Print the entries once more, unchanged.
Top of Available records
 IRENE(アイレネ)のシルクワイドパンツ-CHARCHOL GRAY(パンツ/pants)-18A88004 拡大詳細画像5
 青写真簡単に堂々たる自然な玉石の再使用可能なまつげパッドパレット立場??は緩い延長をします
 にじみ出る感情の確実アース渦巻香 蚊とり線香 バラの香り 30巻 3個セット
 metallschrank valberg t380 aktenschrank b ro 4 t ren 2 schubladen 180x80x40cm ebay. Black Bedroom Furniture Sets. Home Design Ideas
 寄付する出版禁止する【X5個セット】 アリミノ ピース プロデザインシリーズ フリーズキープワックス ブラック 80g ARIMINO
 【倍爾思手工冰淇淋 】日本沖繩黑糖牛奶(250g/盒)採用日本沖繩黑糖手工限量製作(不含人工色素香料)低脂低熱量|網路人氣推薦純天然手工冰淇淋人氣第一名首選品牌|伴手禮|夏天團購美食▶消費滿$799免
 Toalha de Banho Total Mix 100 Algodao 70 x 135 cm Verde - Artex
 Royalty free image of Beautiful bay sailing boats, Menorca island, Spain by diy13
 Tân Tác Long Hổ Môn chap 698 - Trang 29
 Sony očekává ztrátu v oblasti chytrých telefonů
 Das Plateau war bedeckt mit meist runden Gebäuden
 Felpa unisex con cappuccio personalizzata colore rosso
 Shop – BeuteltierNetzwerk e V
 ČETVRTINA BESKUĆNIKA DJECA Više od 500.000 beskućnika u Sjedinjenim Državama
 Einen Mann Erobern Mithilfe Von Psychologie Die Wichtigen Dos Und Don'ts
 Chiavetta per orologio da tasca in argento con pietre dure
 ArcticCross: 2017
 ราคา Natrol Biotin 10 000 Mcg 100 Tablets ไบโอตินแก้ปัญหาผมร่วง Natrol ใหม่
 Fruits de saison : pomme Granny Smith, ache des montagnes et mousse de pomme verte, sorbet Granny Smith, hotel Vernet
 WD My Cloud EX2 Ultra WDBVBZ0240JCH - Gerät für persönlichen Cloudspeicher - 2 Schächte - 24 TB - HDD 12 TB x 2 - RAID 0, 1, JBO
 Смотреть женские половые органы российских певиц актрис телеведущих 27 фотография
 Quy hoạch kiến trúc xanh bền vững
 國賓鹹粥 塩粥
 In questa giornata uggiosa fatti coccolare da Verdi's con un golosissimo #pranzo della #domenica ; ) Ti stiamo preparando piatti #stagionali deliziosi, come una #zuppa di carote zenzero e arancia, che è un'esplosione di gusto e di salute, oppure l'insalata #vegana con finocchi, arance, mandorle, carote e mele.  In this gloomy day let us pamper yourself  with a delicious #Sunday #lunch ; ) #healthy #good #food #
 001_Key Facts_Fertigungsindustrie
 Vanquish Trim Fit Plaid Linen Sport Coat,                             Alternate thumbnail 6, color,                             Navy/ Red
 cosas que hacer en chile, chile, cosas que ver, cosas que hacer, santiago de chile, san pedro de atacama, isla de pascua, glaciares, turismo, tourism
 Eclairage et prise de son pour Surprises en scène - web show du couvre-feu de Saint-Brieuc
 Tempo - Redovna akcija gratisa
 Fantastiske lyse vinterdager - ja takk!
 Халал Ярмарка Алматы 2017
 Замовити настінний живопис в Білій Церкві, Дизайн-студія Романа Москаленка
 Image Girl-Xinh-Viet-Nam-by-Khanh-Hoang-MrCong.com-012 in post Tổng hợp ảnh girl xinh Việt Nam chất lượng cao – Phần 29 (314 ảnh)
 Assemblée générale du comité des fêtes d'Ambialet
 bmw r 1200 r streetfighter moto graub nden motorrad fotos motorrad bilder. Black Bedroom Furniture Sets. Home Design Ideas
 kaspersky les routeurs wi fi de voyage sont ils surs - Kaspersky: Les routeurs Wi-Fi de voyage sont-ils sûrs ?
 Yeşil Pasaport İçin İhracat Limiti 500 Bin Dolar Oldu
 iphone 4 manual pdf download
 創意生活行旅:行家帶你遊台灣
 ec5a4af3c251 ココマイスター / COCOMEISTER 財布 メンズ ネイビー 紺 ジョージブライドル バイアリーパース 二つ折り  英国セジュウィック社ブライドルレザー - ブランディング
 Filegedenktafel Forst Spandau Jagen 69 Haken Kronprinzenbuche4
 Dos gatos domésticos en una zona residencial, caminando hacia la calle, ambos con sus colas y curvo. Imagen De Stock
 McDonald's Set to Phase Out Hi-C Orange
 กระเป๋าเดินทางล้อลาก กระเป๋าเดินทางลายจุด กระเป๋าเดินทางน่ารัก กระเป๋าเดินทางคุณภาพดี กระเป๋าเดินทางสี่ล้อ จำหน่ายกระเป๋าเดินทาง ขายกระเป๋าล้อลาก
Bottom of Available records
- **Answer for the task**:
 IRENE(アイレネ)のシルクワイドパンツ-CHARCHOL GRAY(パンツ/pants)-18A88004 拡大詳細画像5
 青写真簡単に堂々たる自然な玉石の再使用可能なまつげパッドパレット立場??は緩い延長をします
 にじみ出る感情の確実アース渦巻香 蚊とり線香 バラの香り 30巻 3個セット
 metallschrank valberg t380 aktenschrank b ro 4 t ren 2 schubladen 180x80x40cm ebay. Black Bedroom Furniture Sets. Home Design Ideas
 寄付する出版禁止する【X5個セット】 アリミノ ピース プロデザインシリーズ フリーズキープワックス ブラック 80g ARIMINO
 【倍爾思手工冰淇淋 】日本沖繩黑糖牛奶(250g/盒)採用日本沖繩黑糖手工限量製作(不含人工色素香料)低脂低熱量|網路人氣推薦純天然手工冰淇淋人氣第一名首選品牌|伴手禮|夏天團購美食▶消費滿$799免
 Toalha de Banho Total Mix 100 Algodao 70 x 135 cm Verde - Artex
 Royalty free image of Beautiful bay sailing boats, Menorca island, Spain by diy13
 Tân Tác Long Hổ Môn chap 698 - Trang 29
 Sony očekává ztrátu v oblasti chytrých telefonů
 Das Plateau war bedeckt mit meist runden Gebäuden
 Felpa unisex con cappuccio personalizzata colore rosso
 Shop – BeuteltierNetzwerk e V
 ČETVRTINA BESKUĆNIKA DJECA Više od 500.000 beskućnika u Sjedinjenim Državama
 Einen Mann Erobern Mithilfe Von Psychologie Die Wichtigen Dos Und Don'ts
 Chiavetta per orologio da tasca in argento con pietre dure
 ArcticCross: 2017
 ราคา Natrol Biotin 10 000 Mcg 100 Tablets ไบโอตินแก้ปัญหาผมร่วง Natrol ใหม่
 Fruits de saison : pomme Granny Smith, ache des montagnes et mousse de pomme verte, sorbet Granny Smith, hotel Vernet
 WD My Cloud EX2 Ultra WDBVBZ0240JCH - Gerät für persönlichen Cloudspeicher - 2 Schächte - 24 TB - HDD 12 TB x 2 - RAID 0, 1, JBO
 Смотреть женские половые органы российских певиц актрис телеведущих 27 фотография
 Quy hoạch kiến trúc xanh bền vững
 國賓鹹粥 塩粥
 In questa giornata uggiosa fatti coccolare da Verdi's con un golosissimo #pranzo della #domenica ; ) Ti stiamo preparando piatti #stagionali deliziosi, come una #zuppa di carote zenzero e arancia, che è un'esplosione di gusto e di salute, oppure l'insalata #vegana con finocchi, arance, mandorle, carote e mele.  In this gloomy day let us pamper yourself  with a delicious #Sunday #lunch ; ) #healthy #good #food #
 001_Key Facts_Fertigungsindustrie
 Vanquish Trim Fit Plaid Linen Sport Coat,                             Alternate thumbnail 6, color,                             Navy/ Red
 cosas que hacer en chile, chile, cosas que ver, cosas que hacer, santiago de chile, san pedro de atacama, isla de pascua, glaciares, turismo, tourism
 Eclairage et prise de son pour Surprises en scène - web show du couvre-feu de Saint-Brieuc
 Tempo - Redovna akcija gratisa
 Fantastiske lyse vinterdager - ja takk!
 Халал Ярмарка Алматы 2017
 Замовити настінний живопис в Білій Церкві, Дизайн-студія Романа Москаленка
 Image Girl-Xinh-Viet-Nam-by-Khanh-Hoang-MrCong.com-012 in post Tổng hợp ảnh girl xinh Việt Nam chất lượng cao – Phần 29 (314 ảnh)
 Assemblée générale du comité des fêtes d'Ambialet
 bmw r 1200 r streetfighter moto graub nden motorrad fotos motorrad bilder. Black Bedroom Furniture Sets. Home Design Ideas
 kaspersky les routeurs wi fi de voyage sont ils surs - Kaspersky: Les routeurs Wi-Fi de voyage sont-ils sûrs ?
 Yeşil Pasaport İçin İhracat Limiti 500 Bin Dolar Oldu
 iphone 4 manual pdf download
 創意生活行旅:行家帶你遊台灣
 ec5a4af3c251 ココマイスター / COCOMEISTER 財布 メンズ ネイビー 紺 ジョージブライドル バイアリーパース 二つ折り  英国セジュウィック社ブライドルレザー - ブランディング
 Filegedenktafel Forst Spandau Jagen 69 Haken Kronprinzenbuche4
 Dos gatos domésticos en una zona residencial, caminando hacia la calle, ambos con sus colas y curvo. Imagen De Stock
 McDonald's Set to Phase Out Hi-C Orange
 กระเป๋าเดินทางล้อลาก กระเป๋าเดินทางลายจุด กระเป๋าเดินทางน่ารัก กระเป๋าเดินทางคุณภาพดี กระเป๋าเดินทางสี่ล้อ จำหน่ายกระเป๋าเดินทาง ขายกระเป๋าล้อลาก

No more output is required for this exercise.